Прекрасное это когда не грустно и не весело

Прекрасное — это когда не грустно и не весело
Рассказ

— Розово-лиловые, мои любимые, и небо от них особо синее, как твои глаза, — смотря на облака, прошептала Офелия и лукаво улыбнулась Гамлету. Они прищурились и замерли, очарованные мистической картиной, доверительно-интимно соединив ауры. Офелия, как обычно, начала петь, смотря вверх. Гамлет как мог подпевал, искоса любуясь ею.
— Интересно, кто их делает? — вела Офелия. — И это мои мысли управляют облаками или облака моими мыслями? Ещё не поняла, но вместе нам весело. Они сейчас добрые, не плачут. И ветер не злой, — закончила Офелия и виновато улыбнулась одними. — Надо учиться творчеству у неба, там всё гармонично, а у меня не получается петь в рифму…
— Это даже хорошо, — немного грустно ответил Гамлет, почему-то отвернувшись.
Офелия это заметила и, подсев ещё ближе, продолжила пение:
— На крыше я чувствую себя облачком и понимаю, как интересно они живут. — Она любила наделять всё мистическим смыслом …  Сегодня видела пушистых белых котят и глаза доверчивых детей. — Там целый мир. Прекрасное — это когда не грустно и не весело.
Гамлет сделал вид, что согласен, благородно наклонив голову. Он уже не мог смотреть на облака, которые напоминали ему румяные куриные окорочка и почему-то рыб с огромными губами. Наверное, от голода.

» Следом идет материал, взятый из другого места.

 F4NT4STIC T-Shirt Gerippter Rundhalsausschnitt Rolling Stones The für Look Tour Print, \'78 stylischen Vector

— Я боюсь разучиться чувствовать. Очень боюсь, — неожиданно вздохнув, Офелия потупила взгляд. — В следующей жизни хочу быть облаком. Они свободные. Это волшебное чувство.
Крыша для неё — граница раздела мира на бескрайний синий океан вверху и унылый, пыльный город внизу с нелепой абстракцией крыш до горизонта. Офелия никогда не была в городе и даже во дворе. И ей там было не место, как аквариумной рыбке в океане. С рождения попав в роскошь, обнаружила, что её бесхитростная жертвенная любовь никому не нужна. Она же умела только любить.

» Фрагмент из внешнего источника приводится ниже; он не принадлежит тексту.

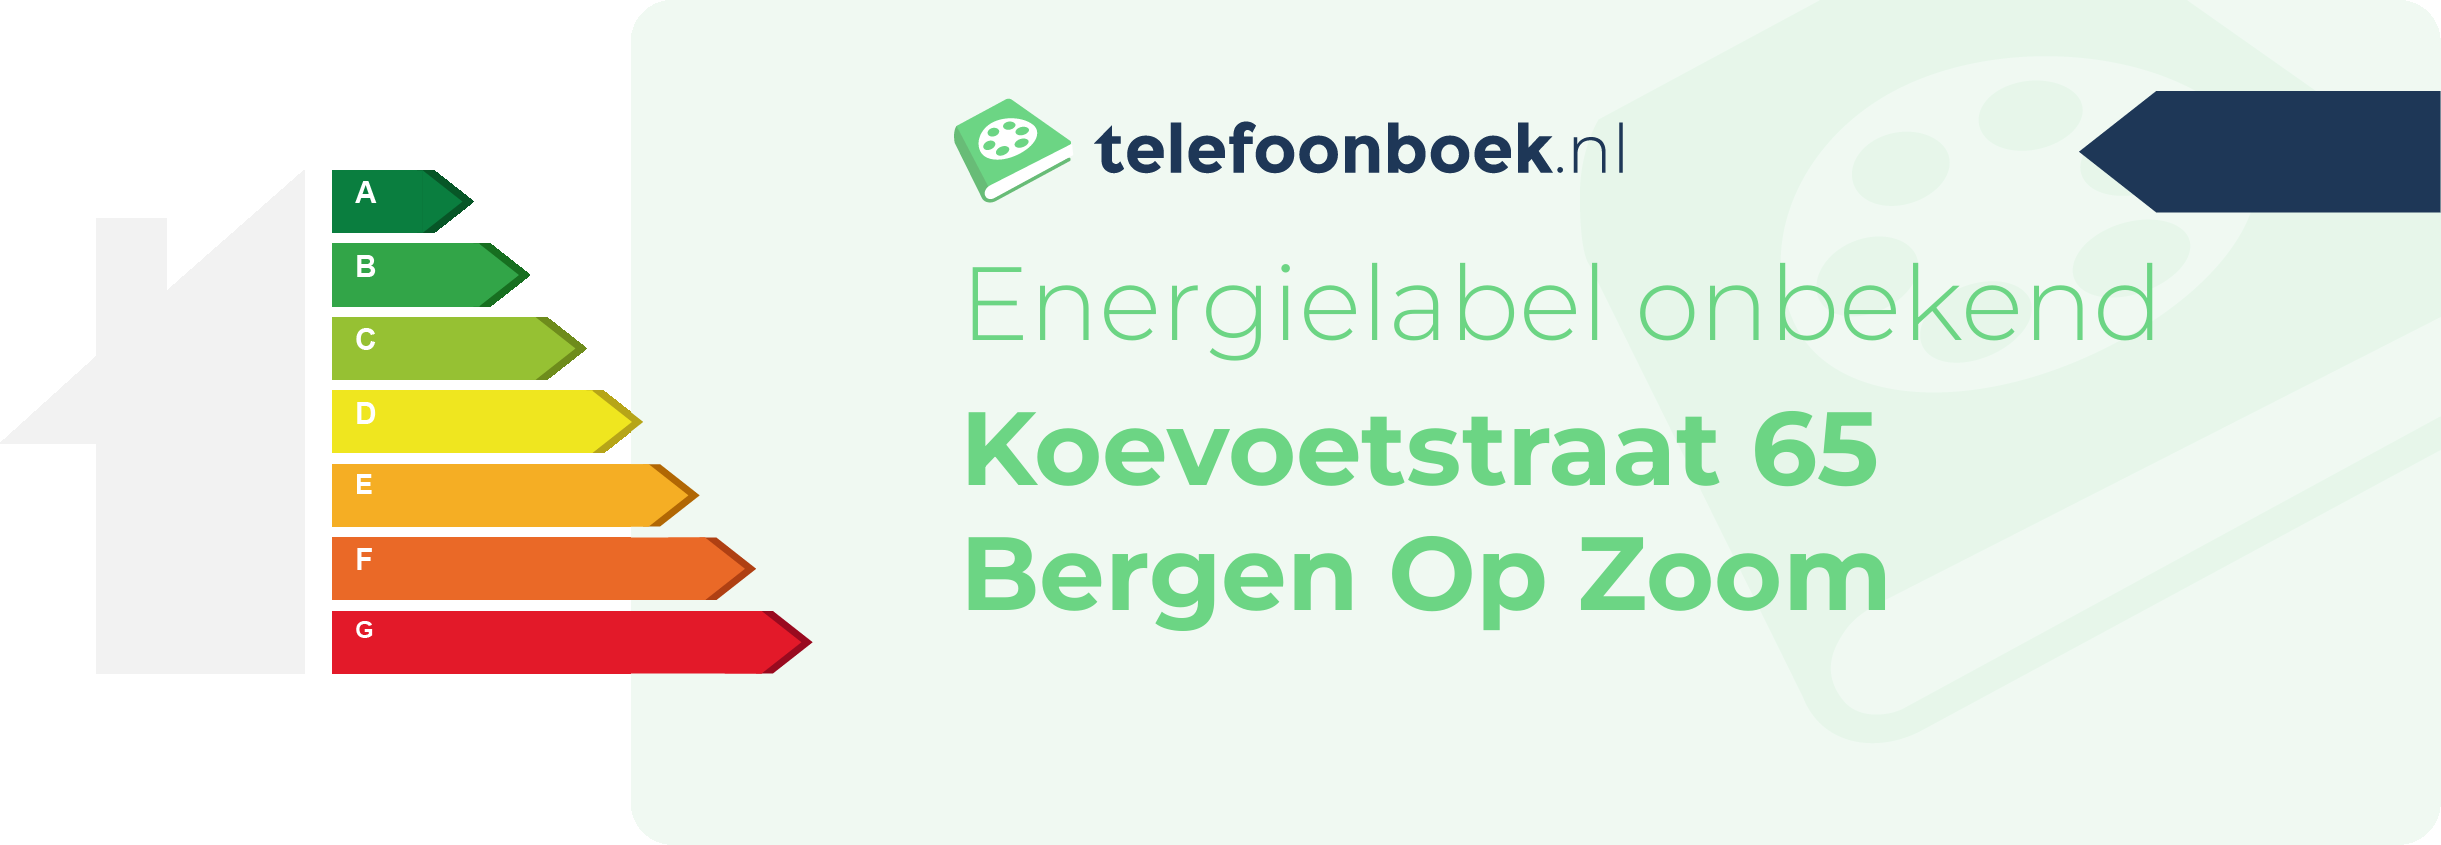 Energielabel Koevoetstraat 65 Bergen Op Zoom

Гамлет открыл ей иной мир — показал крышу, небо, облака и двор.
— Смотри, какие они все мелкие и суетливые, — хихикнула Офелия.
Слева по улице спешили прохожие с отрешённо-утомлёнными лицами. Они были чем-то лихорадочно озабочены и брезгливо обходили лужи, в которых загадочной синевой отражалось небо, делая их похожими на вход в портал иного мира. Наверное, люди не знают про порталы, не видят ауру, не слышат музыку города. Копят напряжение внутри себя. Молча. До взрыва.
Около метро все сливались в длинную серую гусеницу, уползающую в подземелье.
Внизу тесно, душно, бессмысленно.
— Да, не грустно и не весело, — повторила Офелия.
— У тебя что-то случилось? — Внимательно смотря на нее, спросил Гамлет.  Офелия, как бы очнувшись, потянулась и кивком показала вниз.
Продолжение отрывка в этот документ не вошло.